**Exercise objective**
When the listing below reaches the line that has "Pokrowiec na sofę", start reproducing exactly; stop after the line that has "Waikato Argus 23-1-1897 pg2", and drop the pictures.

**Dataset excerpts**
-------

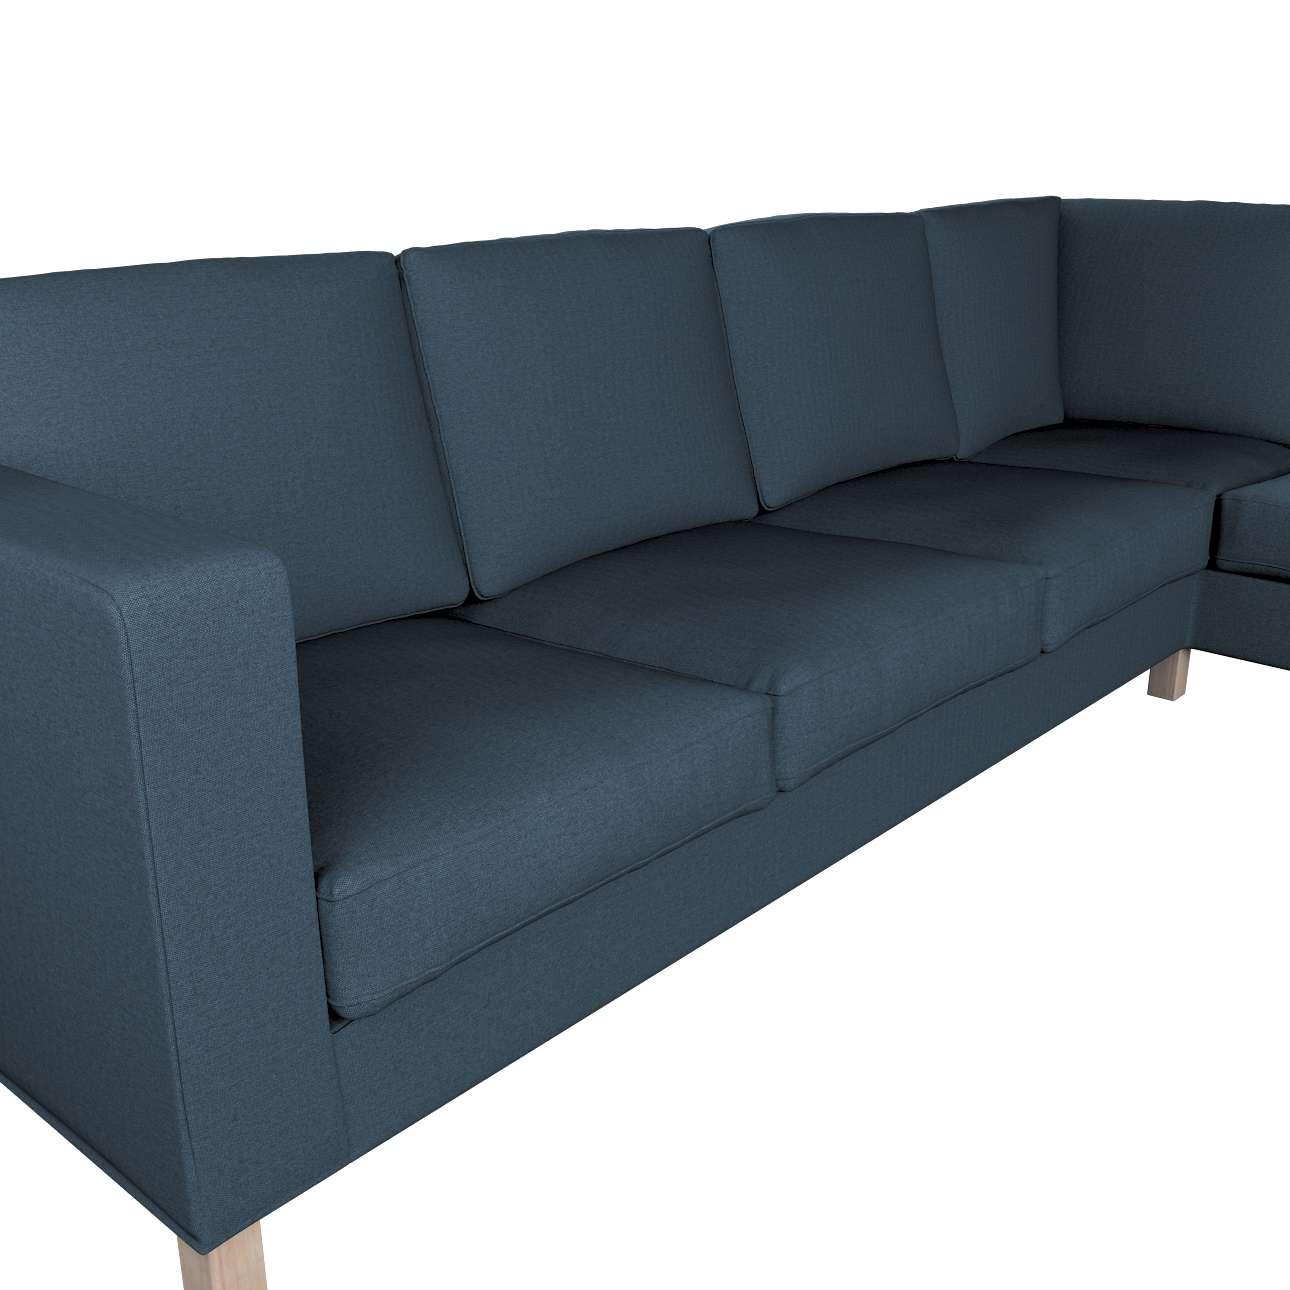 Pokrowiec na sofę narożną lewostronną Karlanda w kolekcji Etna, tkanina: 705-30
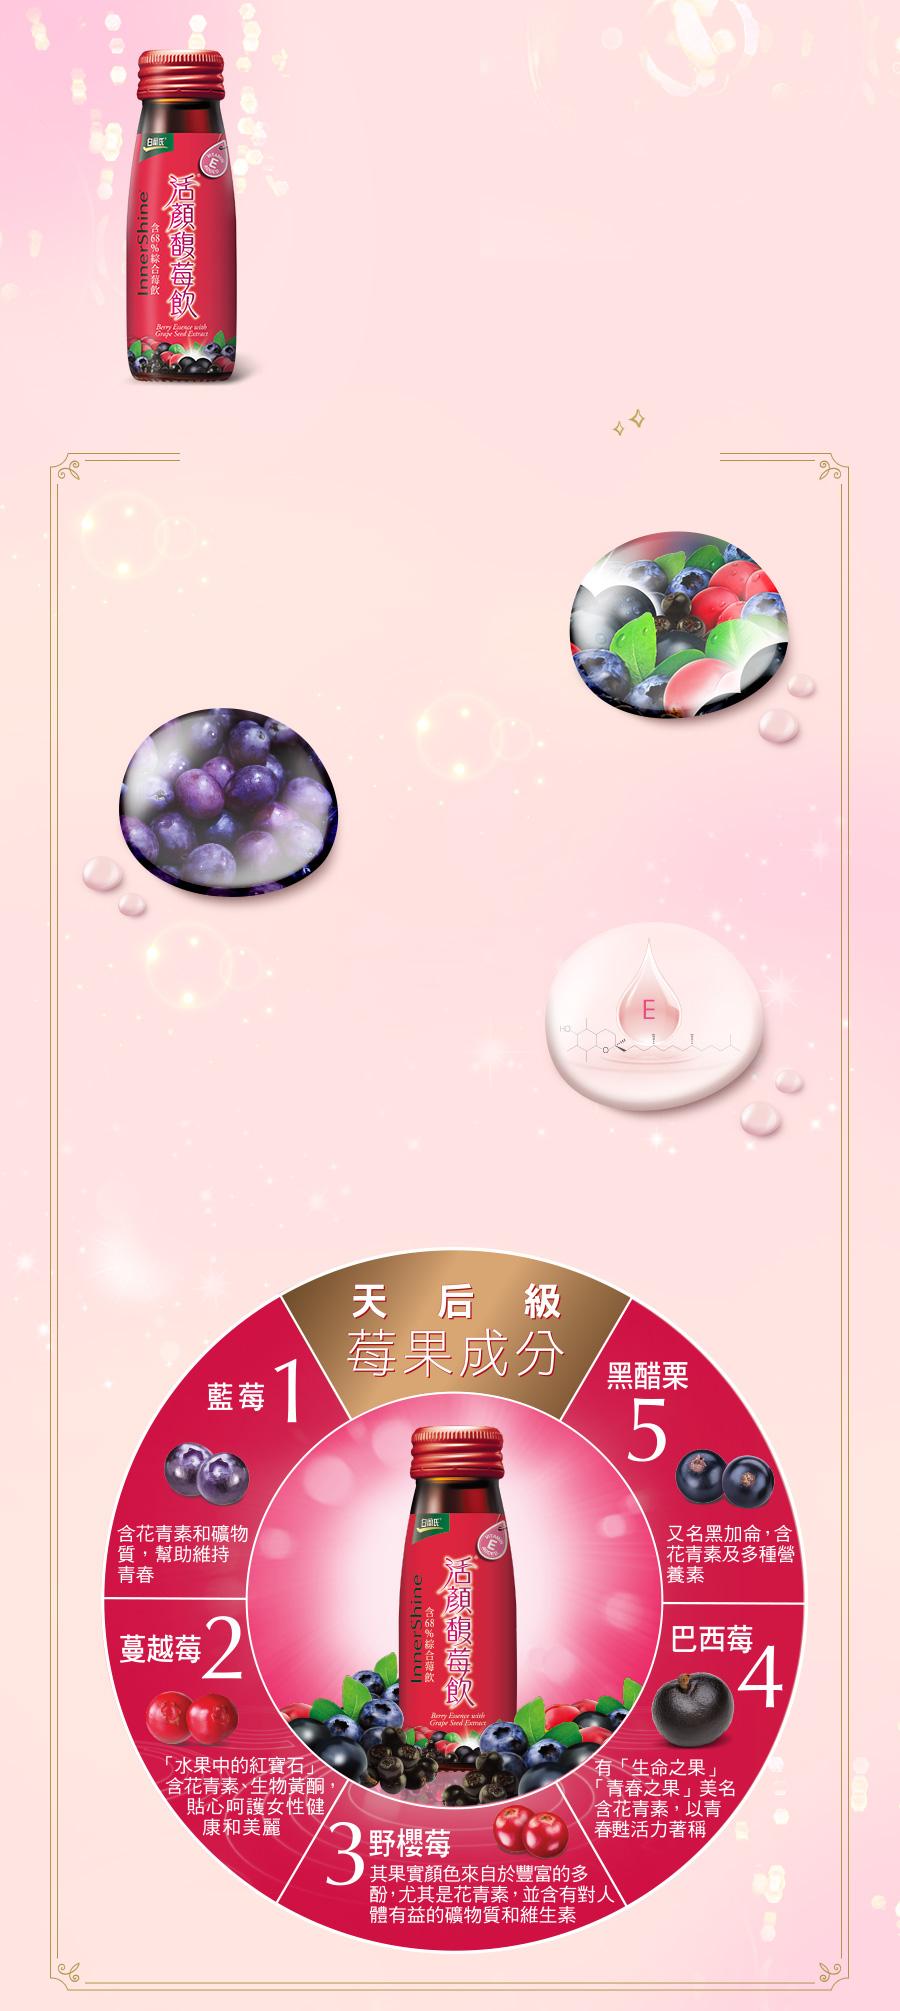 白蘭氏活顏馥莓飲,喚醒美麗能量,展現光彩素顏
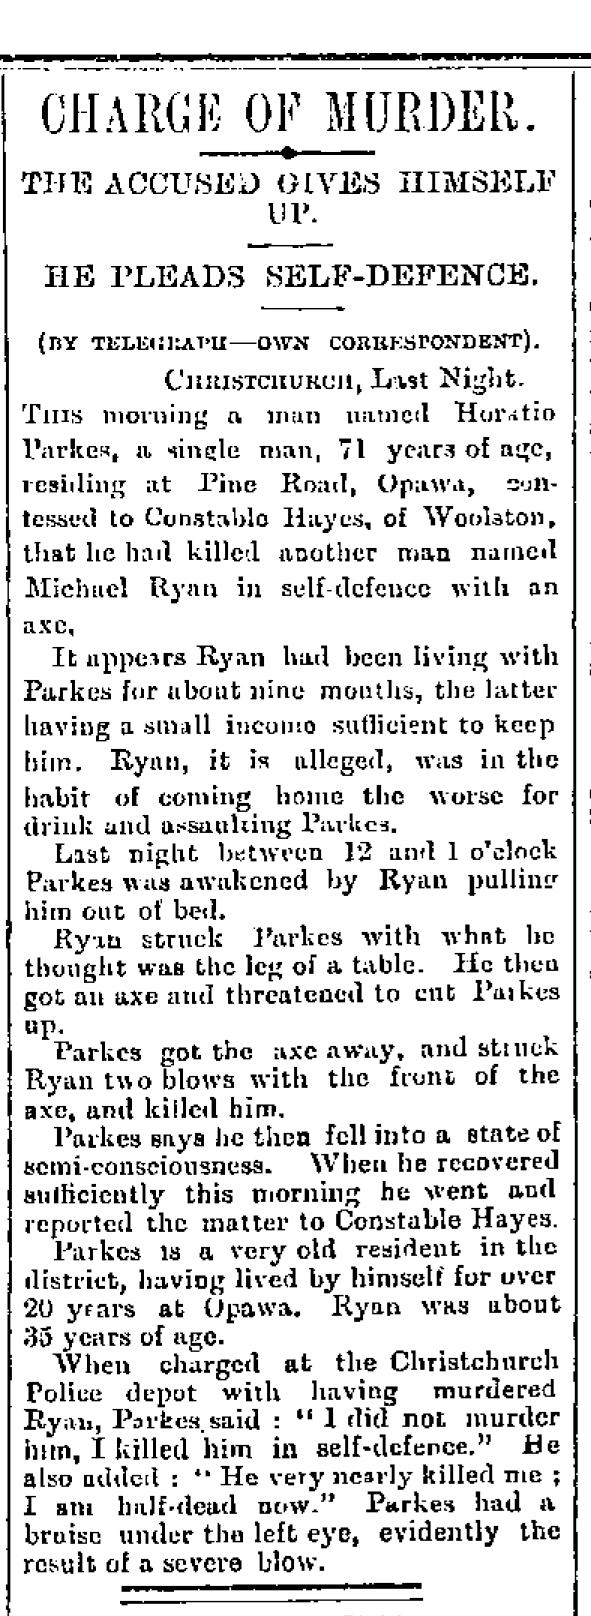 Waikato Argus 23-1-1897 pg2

-------

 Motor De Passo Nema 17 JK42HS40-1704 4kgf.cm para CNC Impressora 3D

-------

**Task response**
 Pokrowiec na sofę narożną lewostronną Karlanda w kolekcji Etna, tkanina: 705-30
 白蘭氏活顏馥莓飲,喚醒美麗能量,展現光彩素顏
 Waikato Argus 23-1-1897 pg2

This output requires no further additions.